DATA BELOW:
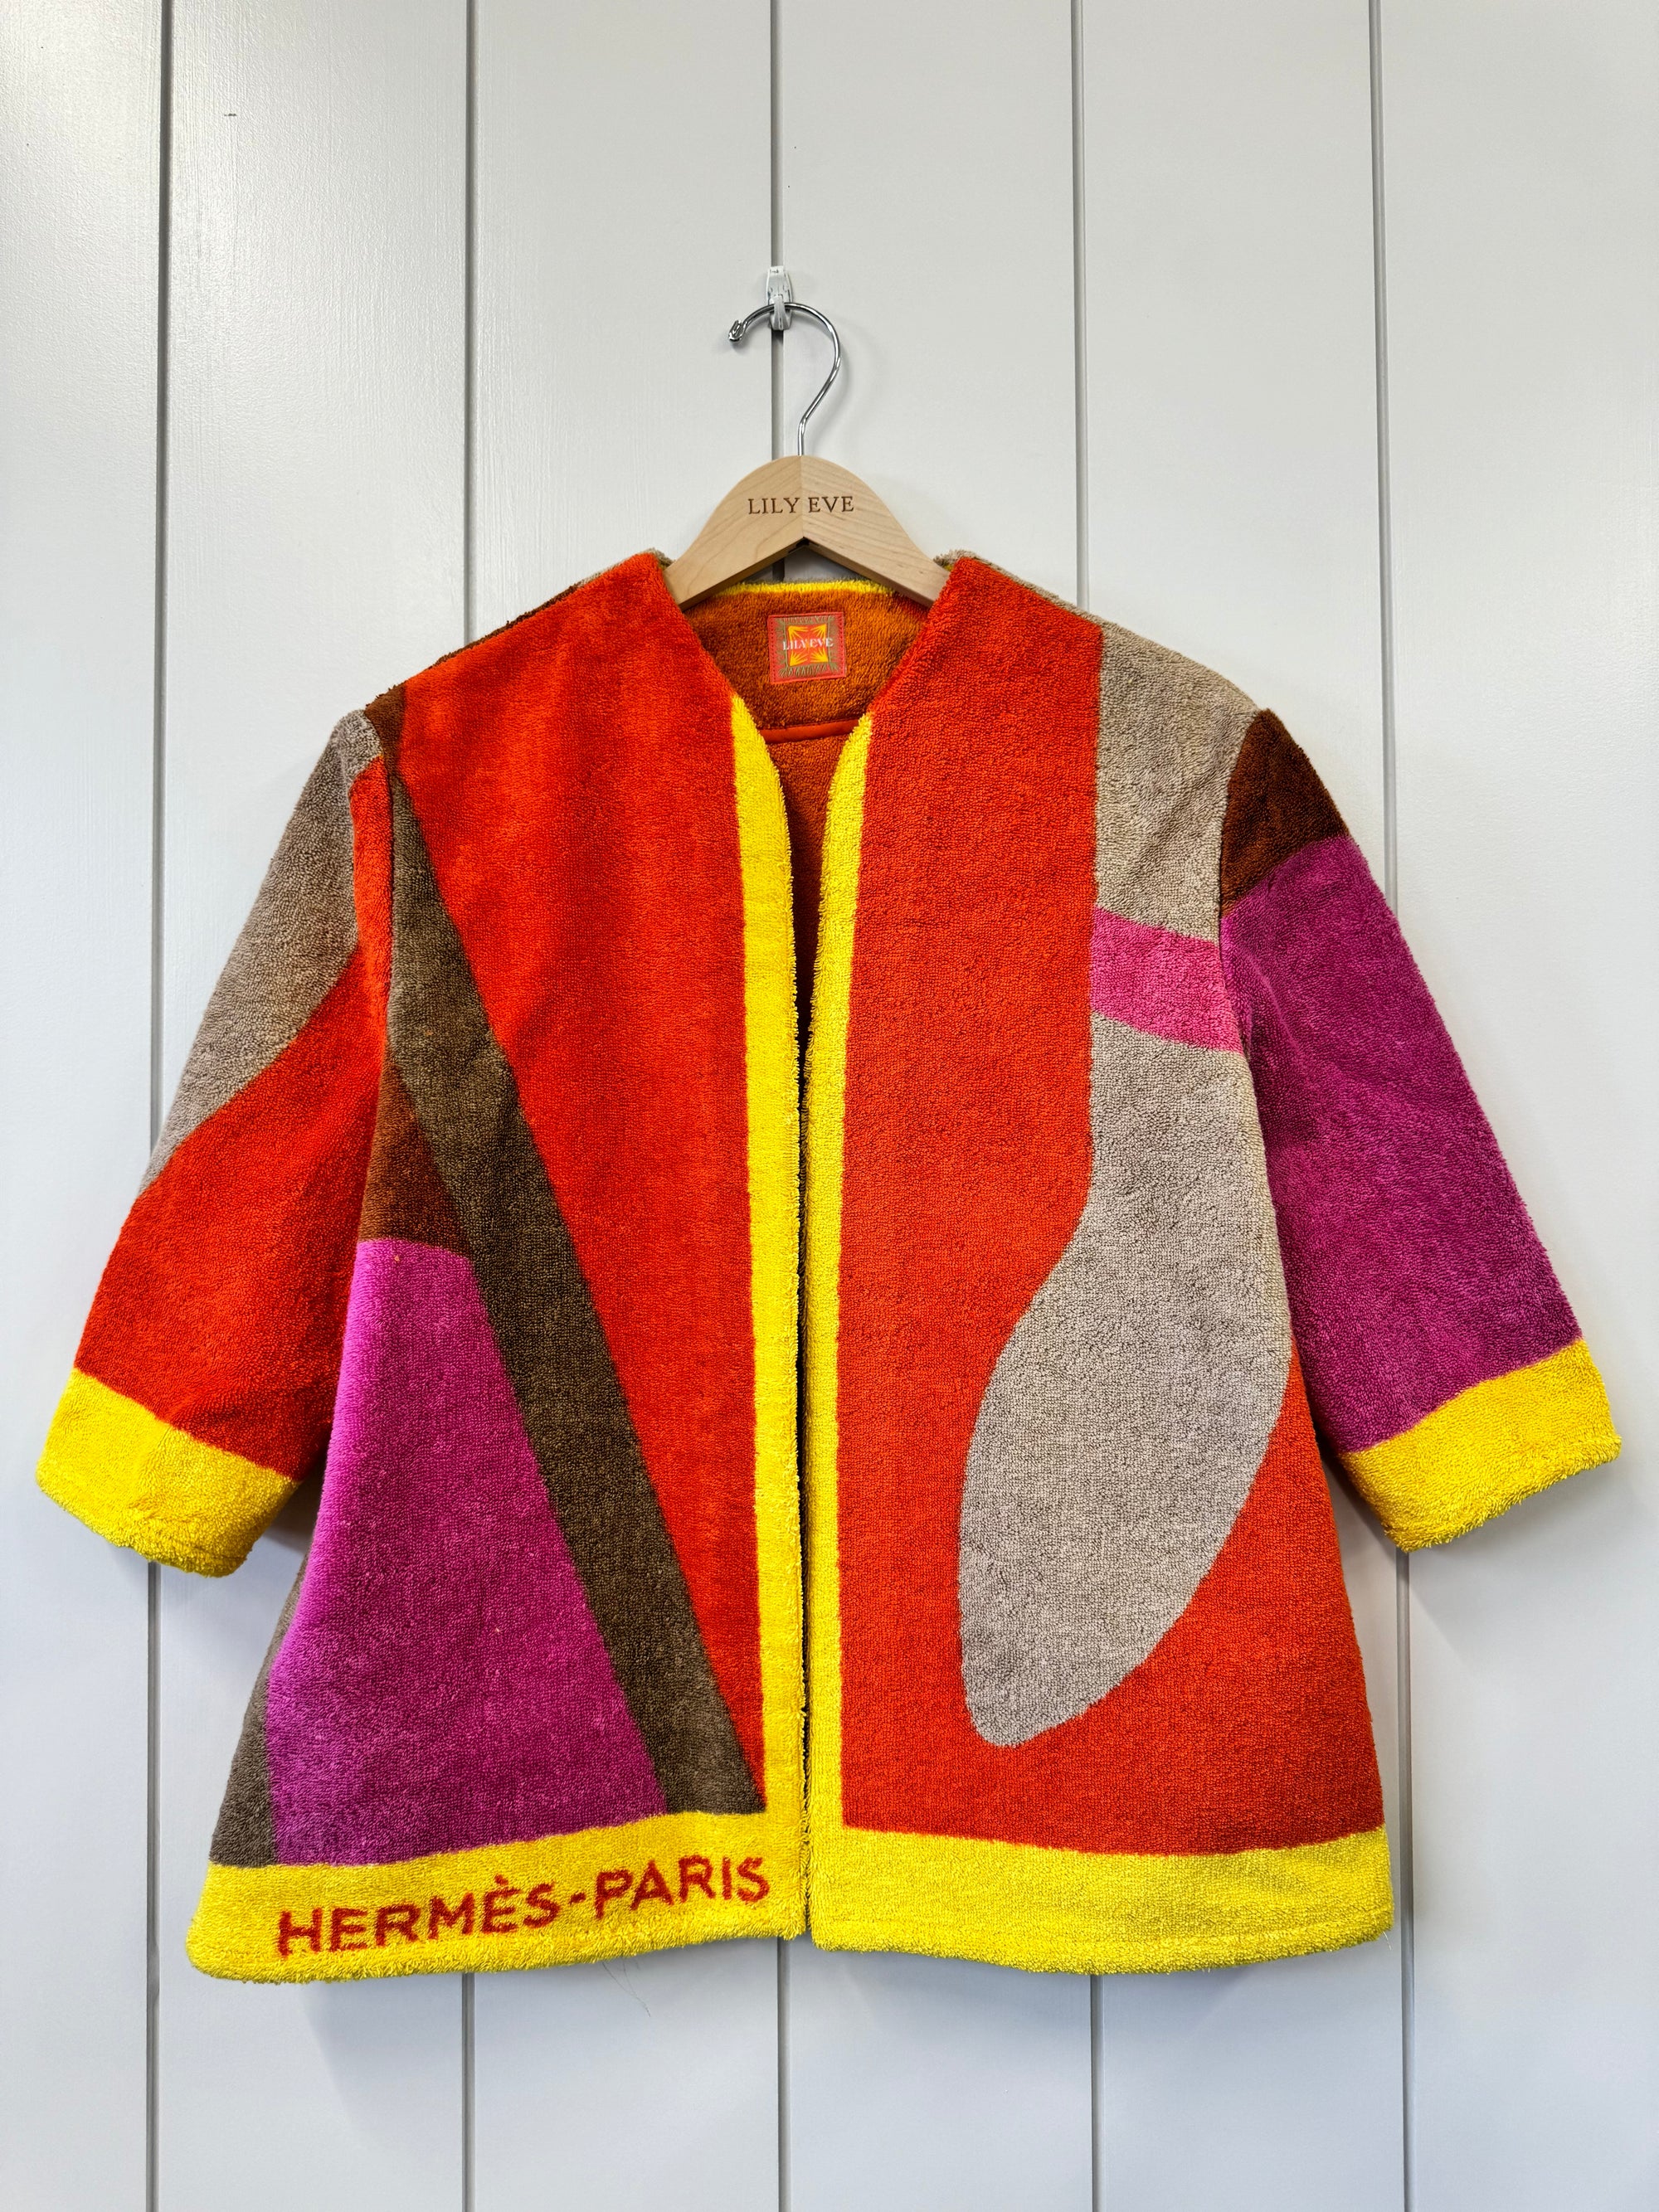 The Red Horse Jacket
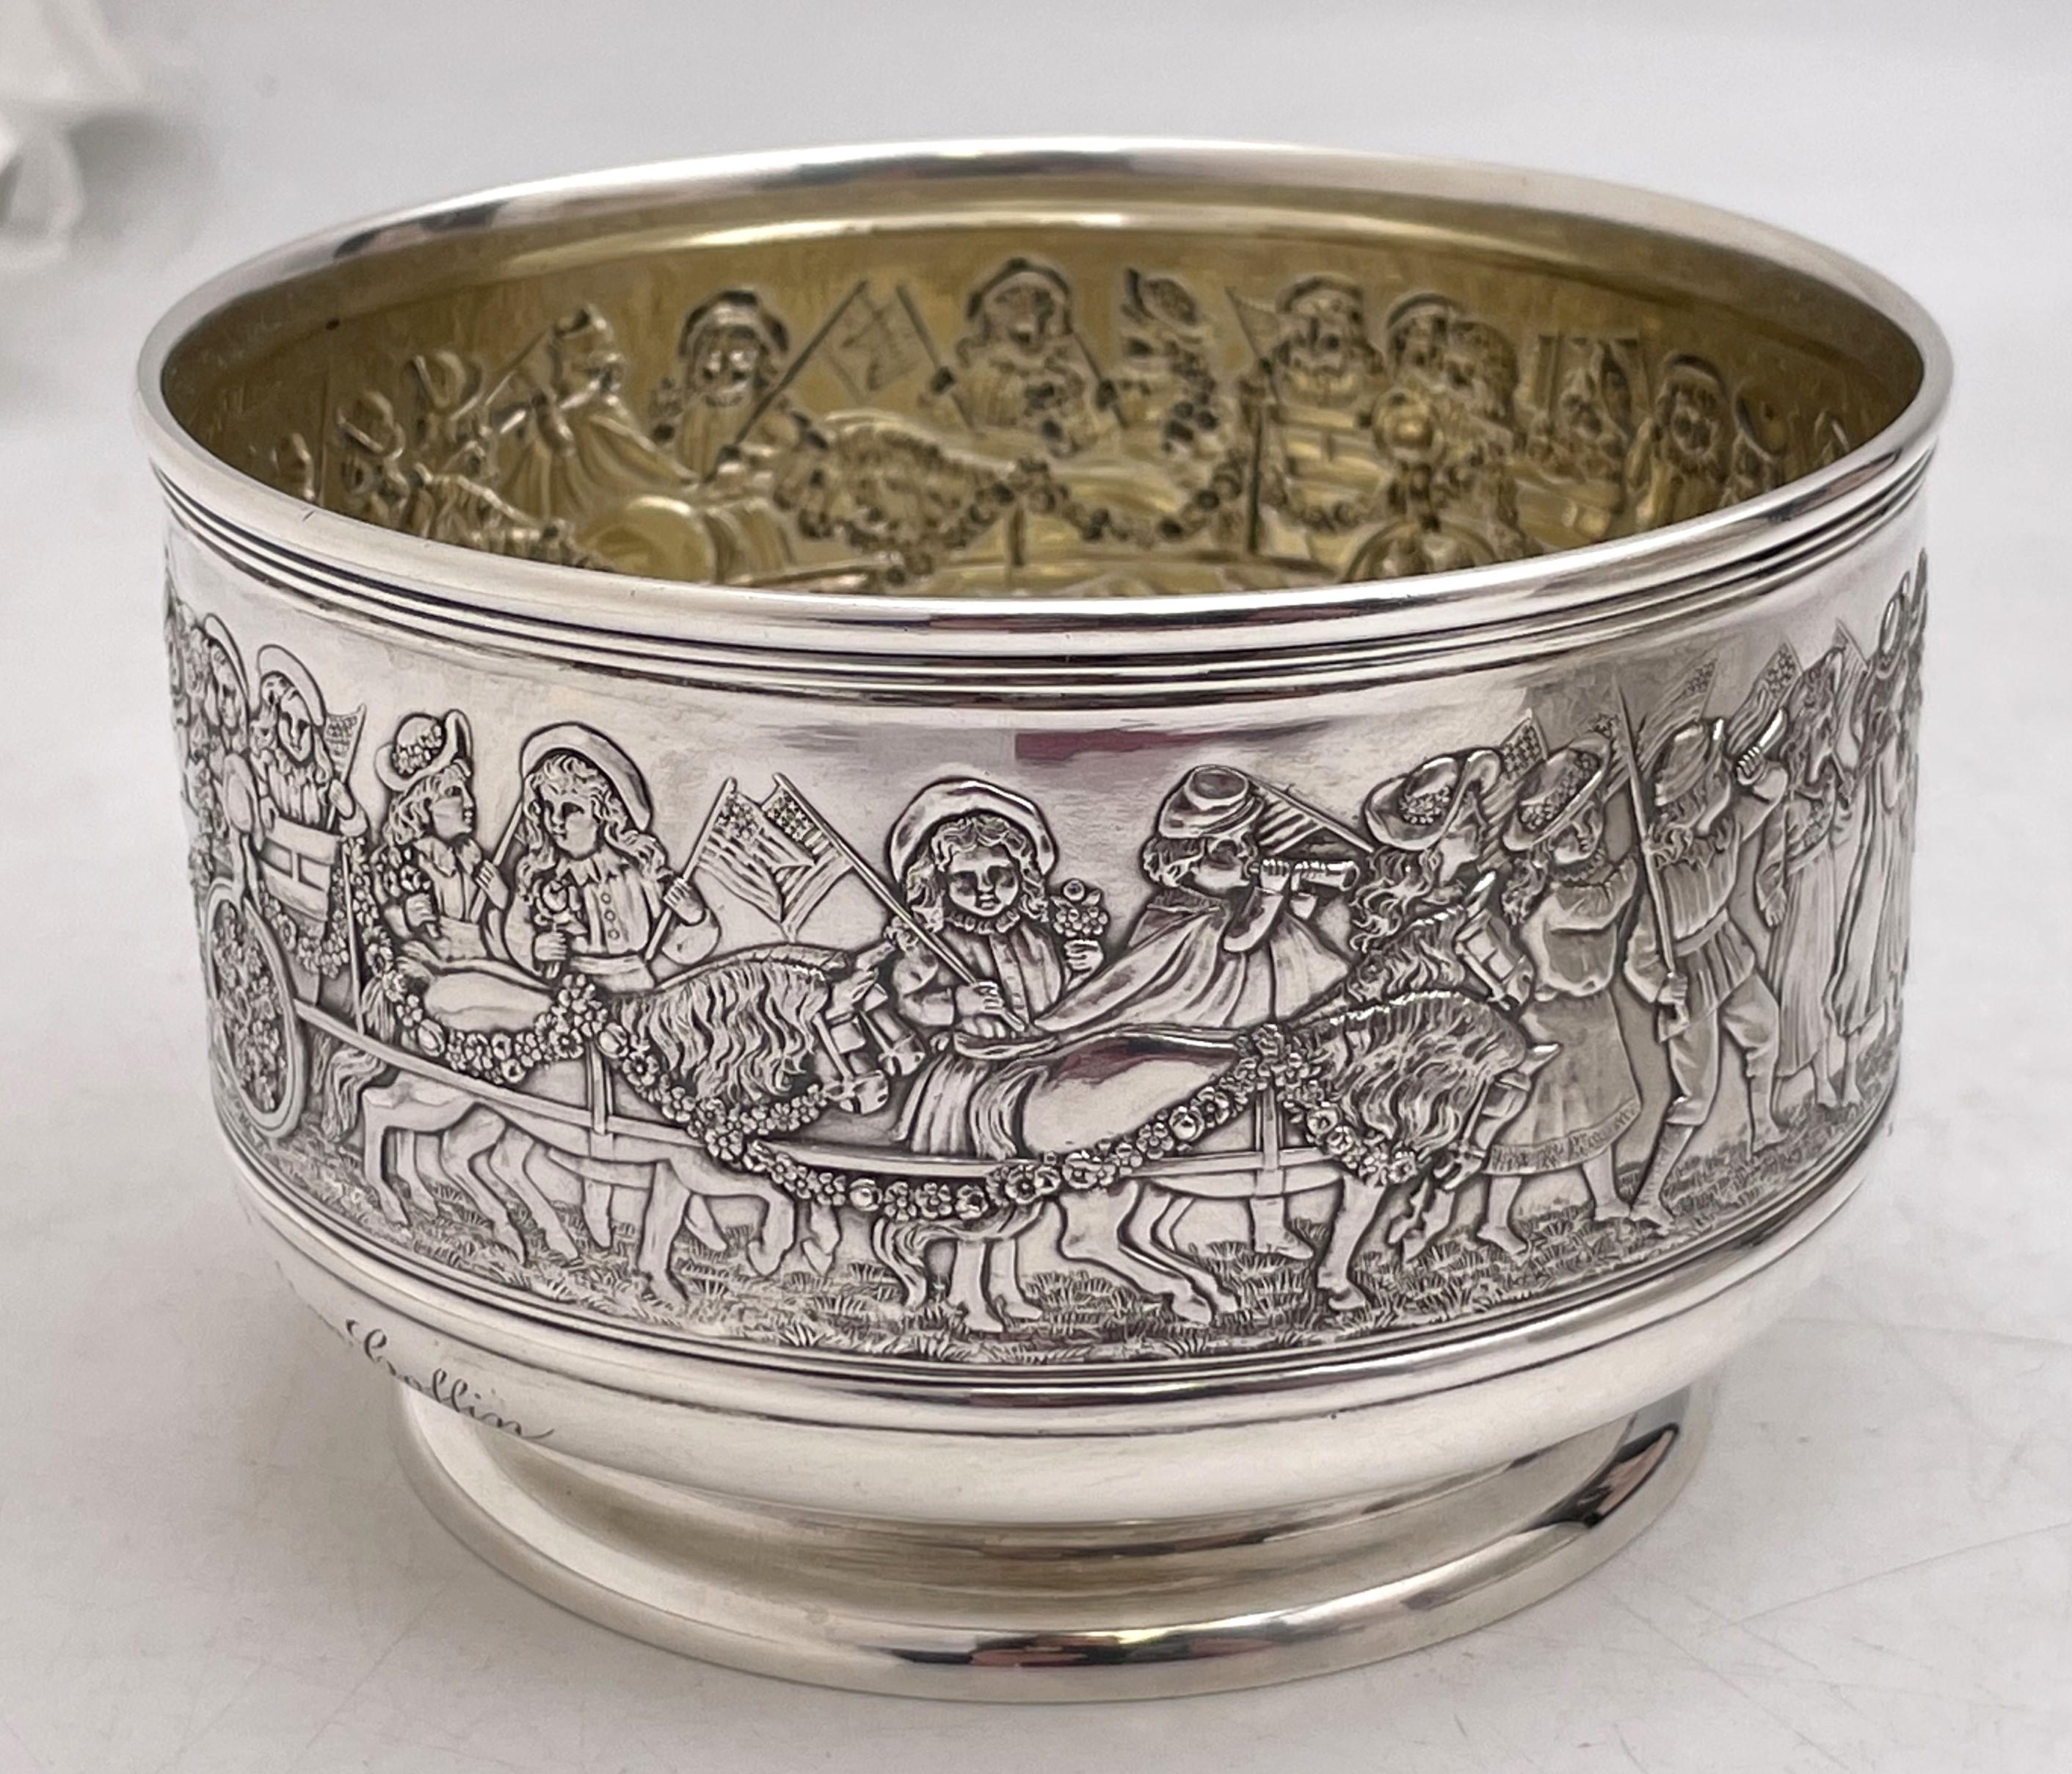 Tiffany & Co. sterling silver rare child bowl and porringer, depicting a patriotic children's marching band, beautifully embossed. The bowl dates from 1892 to 1902, measures 5 '' in diameter by 3 1/8'' in height, and contains one and a half pints.
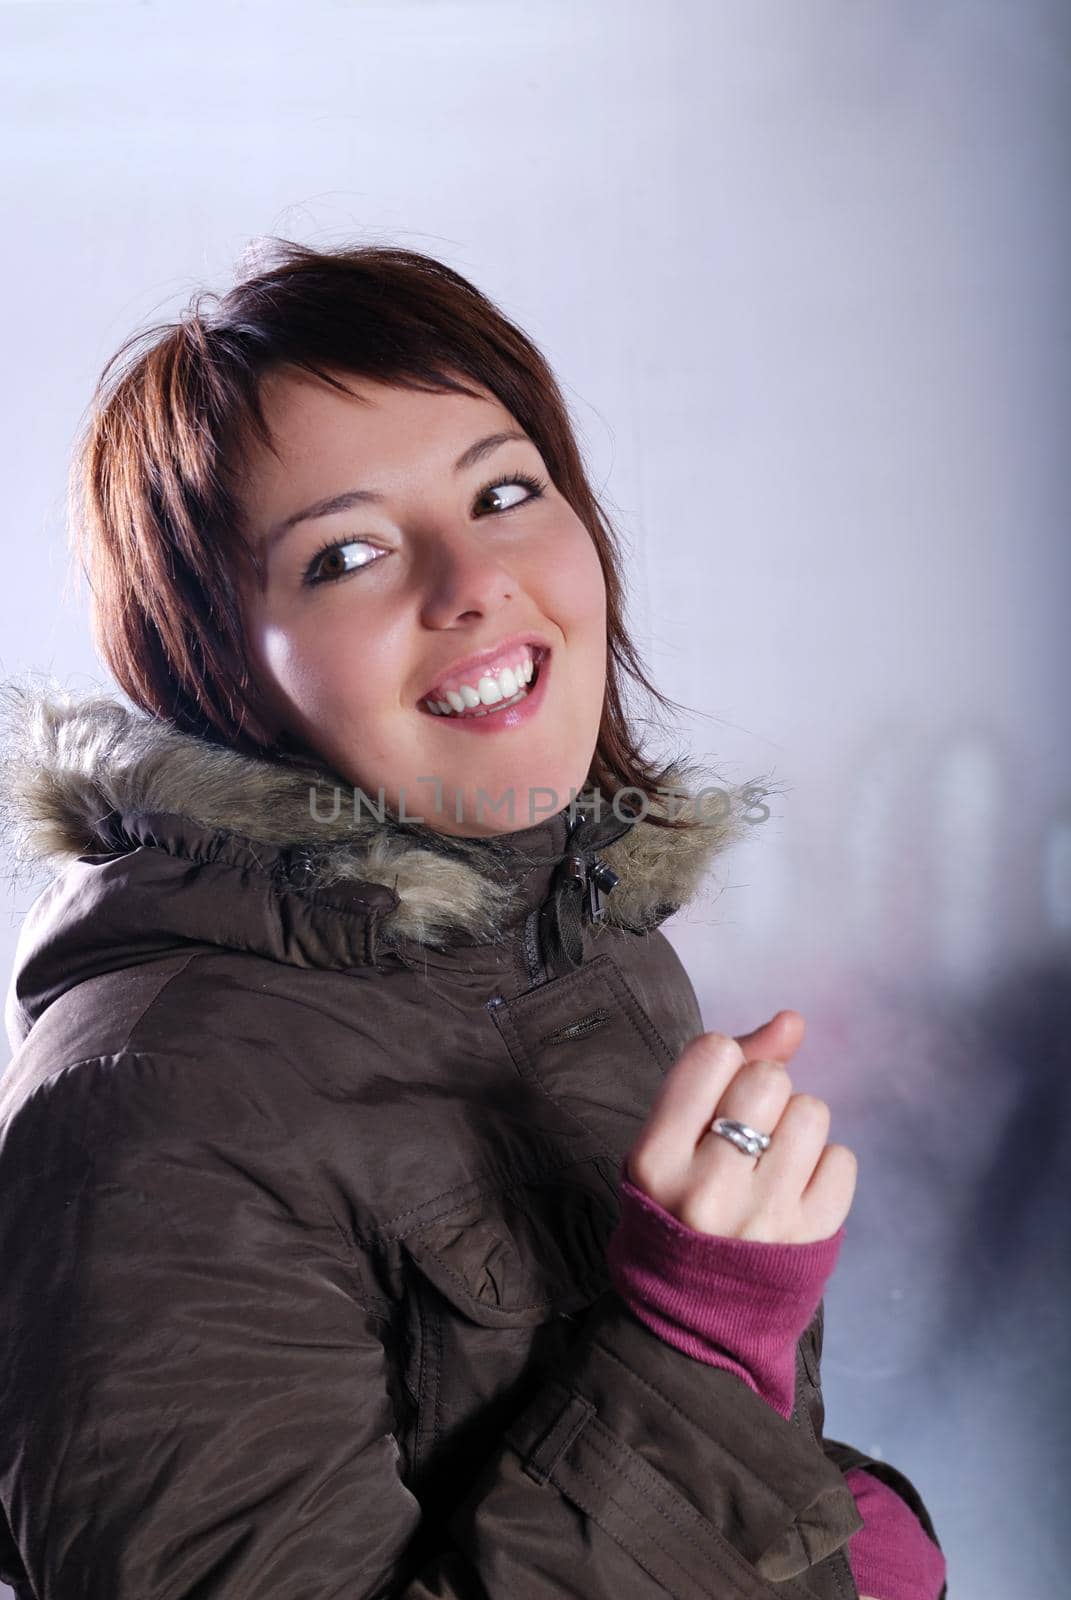 Cute young woman smiling in winter jacket by dotshock

INSTRUCTIONS FOR THE TASK:
Repeat the lines of the listing above verbatim, beginning at its first line and ending at the line containing "Tiffany & Co.", which is included. Omit pictures.

RESULT BELOW:
 The Red Horse Jacket
 Tiffany & Co. sterling silver rare child bowl and porringer, depicting a patriotic children's marching band, beautifully embossed. The bowl dates from 1892 to 1902, measures 5 '' in diameter by 3 1/8'' in height, and contains one and a half pints.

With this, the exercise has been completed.